The exteriors of 132 and 136 Broadway are merely worn but the interiors are contaminated and cluttered. The buildings are thought to have good potential for redevelopment, however, given their close proximity of downtown State Street and the high ceilings inside and the uncommon metal-clad exterior of the taller of the two buildings.
A lot of cleanup will need to be done first.
Golden Oak Property Group LLC of Schenectady was hired at a cost of $21,000 to empty the buildings of rubbish and leftover artifacts from the museum that previously owned them, according to the Schenectady County Metroplex Development Authority, which is handling their redevelopment. Metroplex Chairman Ray Gillen said going floor-by-floor and room-by-room, the contractor has removed 20 tons of material so far and isn’t done yet.
“It’s not as bad as Foster but it’s up there,” Gillen said, referring to the landmark Foster Building nearby on State Street. “Foster was 500,000 pounds of stuff.”
The two Broadway buildings once housed the old Schenectady Gazette printing press and warehouse (132 Broadway) and Skypes Carpet store (136 Broadway). More recently, they belonged to the Edison Tech Center, a museum dedicated to showing the historic impact of electricity on people’s lives. The Electric City Bike Rescue also operated there.
The city of Schenectady took the Tech Center to court, saying it had not made the improvements to the properties specified in its purchase agreement, and retook ownership this summer. The city had sold the buildings to the Tech Center for $1 each in 2004, but with stipulations.
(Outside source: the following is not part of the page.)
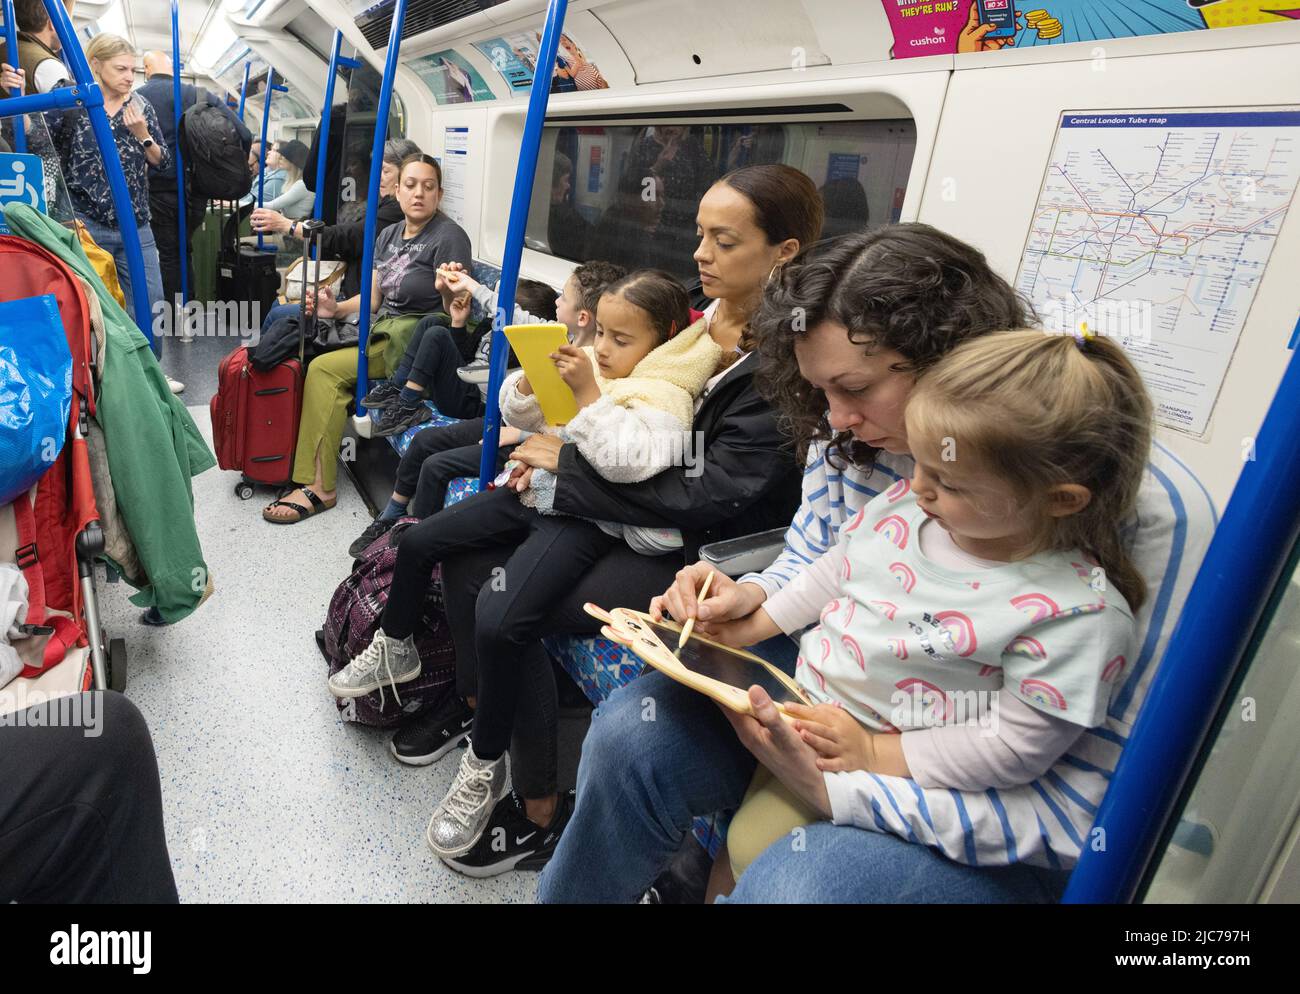 London children; Mothers keeping their children entertained in a London Underground train carriage, London transport, TFL, London England UK Stock Photo

The Tech Center is now storing its artifacts at the current Daily Gazette building on Maxon Road Extension.
Exposed asbestos is present in the basement of 132 Broadway, so that space has been locked up, Gillen said.
“This was one of our concerns about this building,” he said.
The cost of remediation is still unknown; a consultant hasn’t provided an estimate.
Metroplex also hired Schenectady architectural firm Stracher Roth Gilmore to prepare a rendering of what the buildings could look like with repairs.
With the large windows, abundant natural light and high ceilings, the upstairs space would be an ideal candidate for commercial or residential space in the popular industrial chic style, Gillen has said.
Metroplex is welcoming inquiries from potential developers at this point.